Gates Factory Store v. Coleman

350 P.2d 559 | Colo. | 1960

350 P.2d 559 (1960)

GATES FACTORY STORE, Irvine D. Lovell, d/b/a Inter-State Detective Bureau, and W. G. Bowser, Plaintiff in Error,
v.
Carl Horace COLEMAN, Defendant in Error.

No. 18635.

Supreme Court of Colorado, En Banc.

March 28, 1960.

Dayton Denious, Omer Griffin, Denver, for plaintiffs in error.

No appearance for defendant in error.

SUTTON, Chief Justice.

The parties here appear in inverse order of their appearance in the trial court. The only question presented is whether the damages awarded by the trial court were excessive. We conclude that they were.

Gates sold four automobile tires to Coleman in April of 1956. On November 4th of that year Gates caused these tires to be "repossessed" by having its agent remove them from Coleman's automobile as it was parked in front of his home. This repossession occurred some four days after Coleman had made the final payment due on the contract of sale, a time when his liability under the contract had been completely discharged. Gates attributes this to a "foul up" or "mistake," while Coleman asserts that it was done wilfully and maliciously.

The case was tried to the court, which entered its judgment in favor of Coleman in the amount of $1,000, plus costs and interest.

The sole ground of error here urged being the excessiveness of these damages, provisions of the complaint pertinent thereto are hereafter set forth:

"II
"That on November 4th, * * * (defendant's agent) did wilfully and wrongfully remove from the possession of plaintiff four automobile tires of the approximate value of One Hundred Dollars ($100.00).

* * * * * *

"VI

"That the wrongful and malicious action on the part of the defendants *560 deprived the plaintiff of the possession and use of his property, deprived him of the use of his automobile, caused him to incur the expense of securing legal counsel to protect his rights, and also the added expense of replacing the property wrongfully taken by defendants.
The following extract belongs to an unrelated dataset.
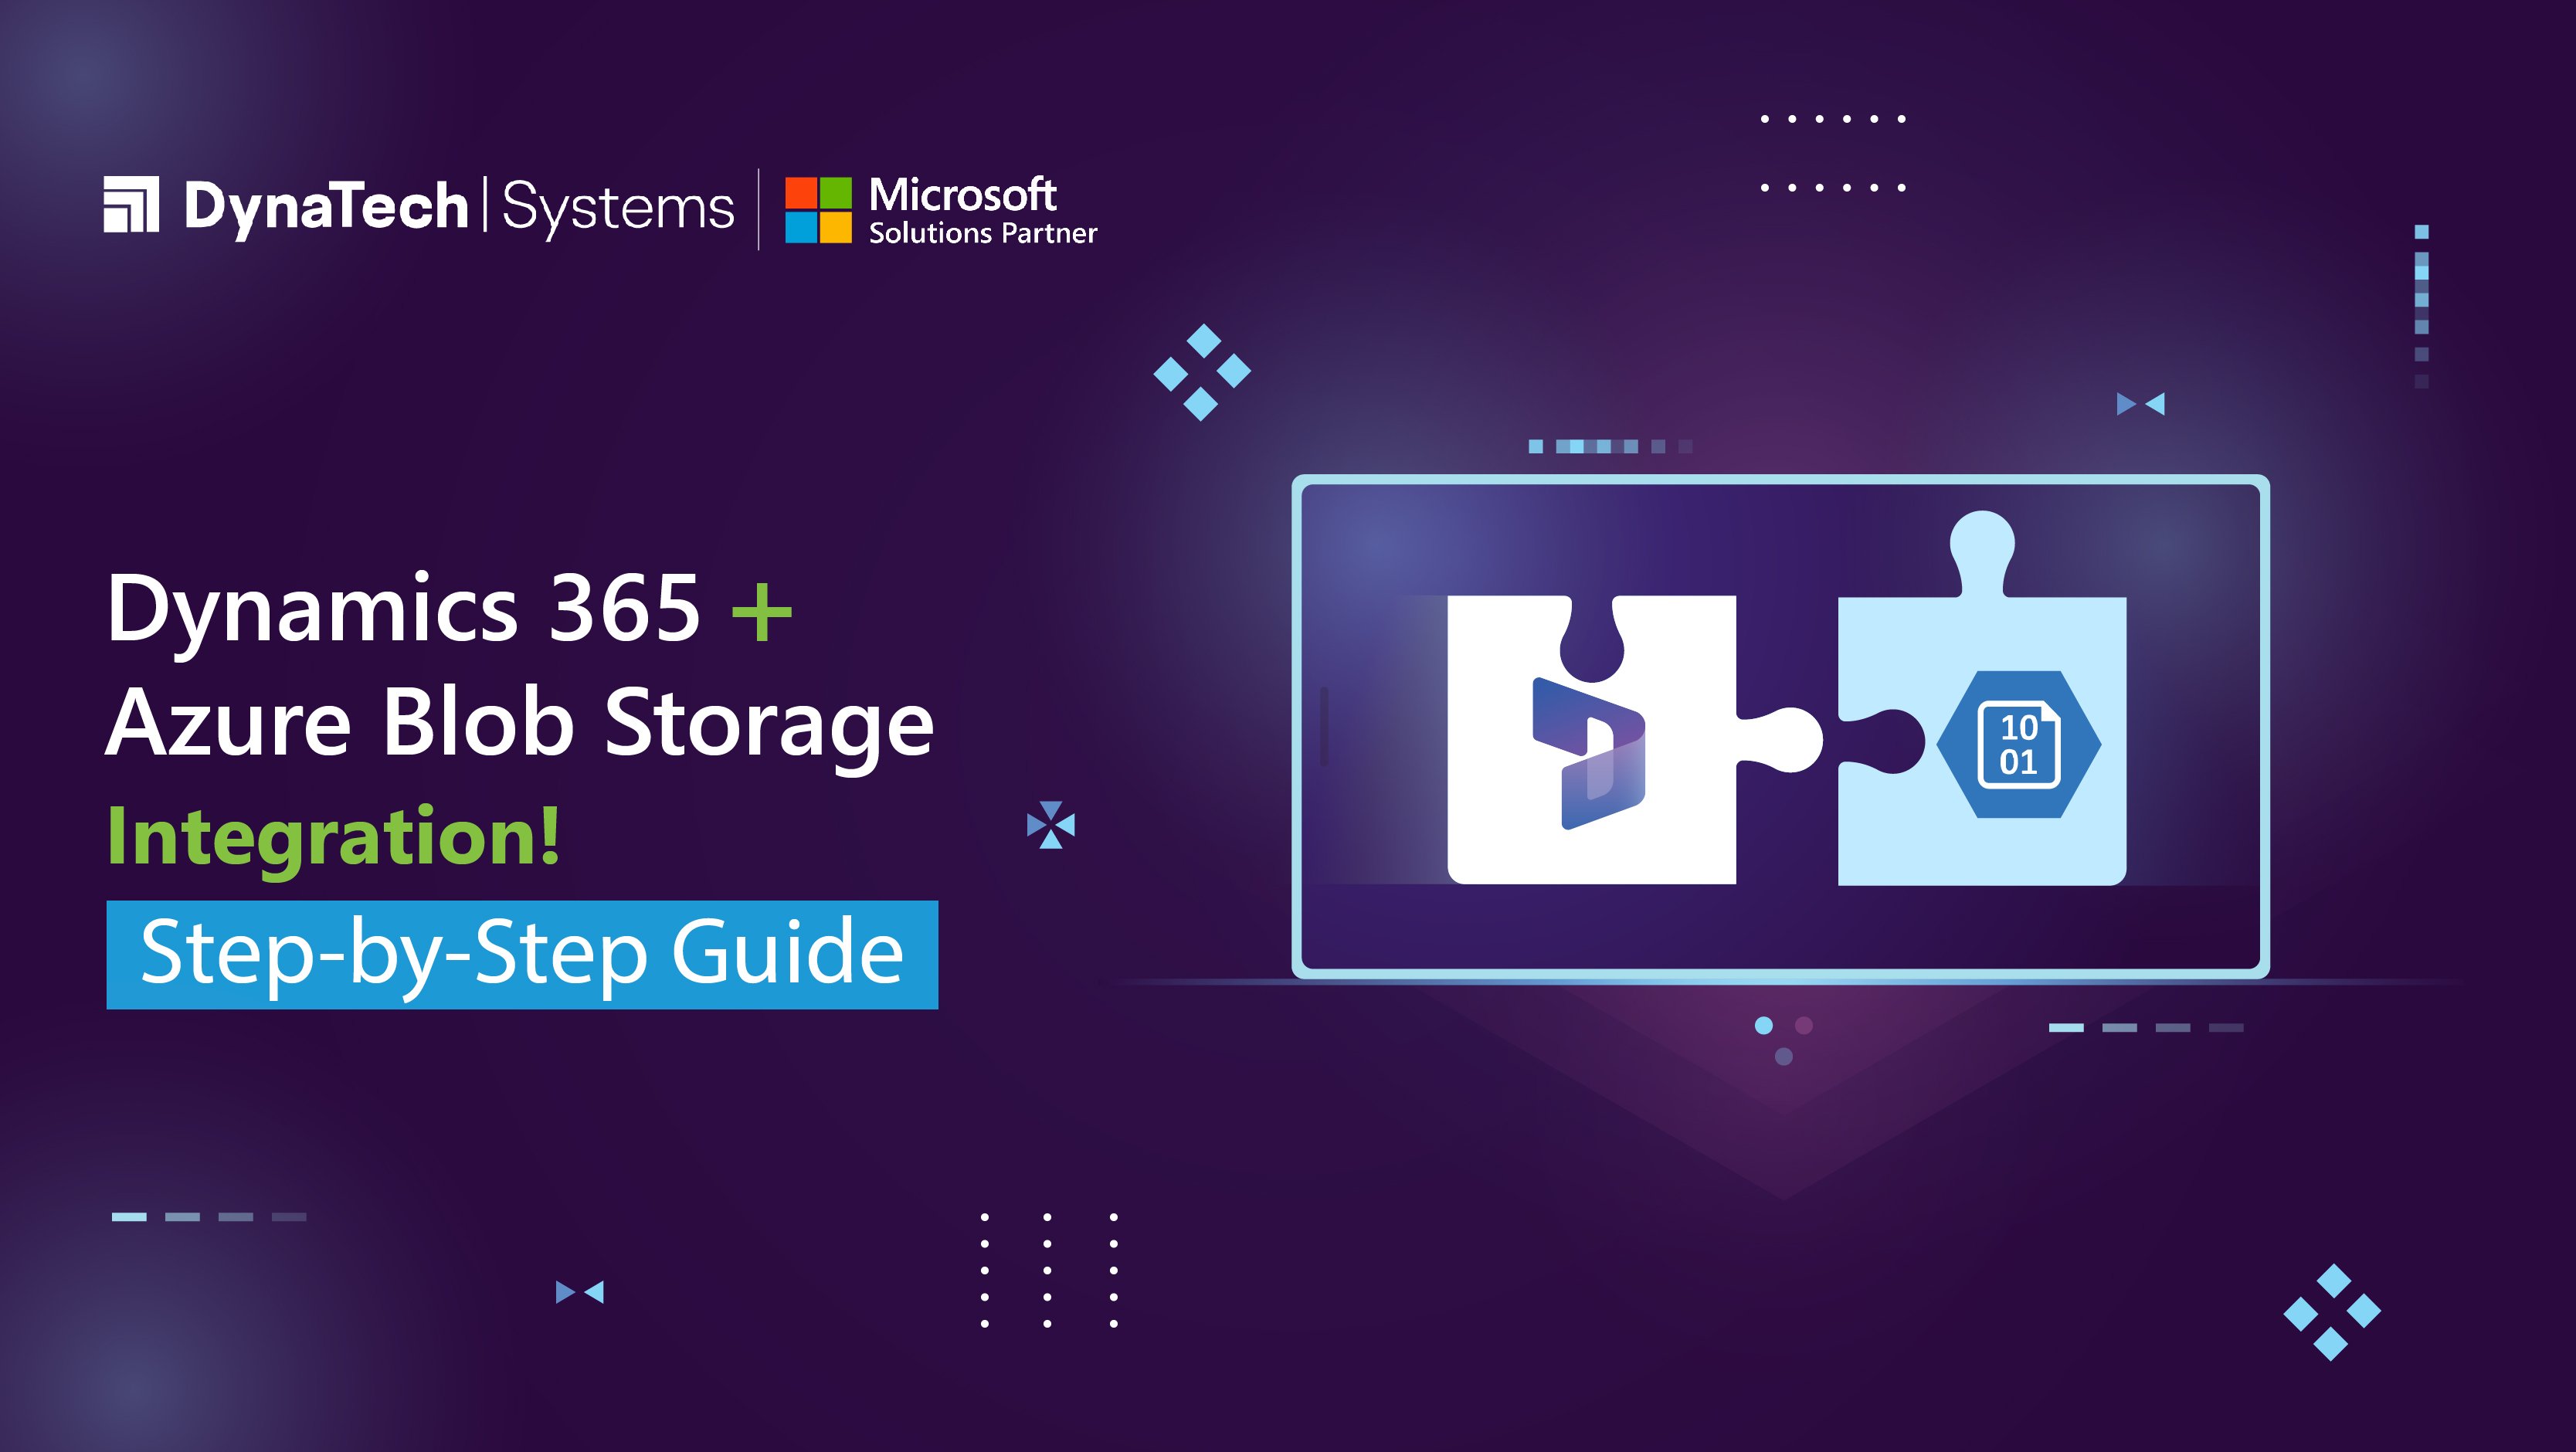 Step-by-Step Guide: Integrating Dynamics 365 with Azure Blob Storage using DynaTech’s Custom Tool

The plaintiff suffered great personal embarrassment and irreparable damage to his business and credit standing; thus resulting in aggregated damages to the plaintiff in the amount of Three Thousand Dollars ($3000.00).
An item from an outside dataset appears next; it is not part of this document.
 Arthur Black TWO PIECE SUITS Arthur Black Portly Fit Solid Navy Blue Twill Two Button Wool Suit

"Wherefore, plaintiff prays judgment against the defendants or defendant liable for such damages to the plaintiff in the amount of Three Thousand Dollars ($3000.00) and such other and further relief as to the court may seem proper."

No other mention of special damages is to be found in the pleadings, and no evidence of the extent of such damages is to be found in the record. Also there is no mention of exemplary damages to be found in the complaint. Notwithstanding the lack of pleading or evidence to justify an award of exemplary damages, the trial court in rendering judgment clearly indicated punishment to be the basis of its award.

The only evidence of actual damages consists of documents and testimony establishing the purchase price of the four tires to be $71.16, plus evidence of the amount expended by Coleman on replacement tires, which he testified to as "* * * eventually it (sic) cost around $50.00." There was no evidence offered as to the value of the tires taken at the time and place of their conversion. It is well settled that the value of the property taken, plus an additional amount equal to the legal rate of interest upon such value from the time of conversion to the time of the trial, is the proper measure of damages in trover and conversion actions. See Sigel-Campion Live Stock Co. v. Holly, 1908, 44 Colo. 580, 583, 101 P. 68.

Upon the record presented to us it was error to enter judgment for $1,000 which obviously was intended to include exemplary damages notwithstanding the fact that the complaint raised no issue thereunder.

The judgment is reversed and remanded with directions to grant a new trial.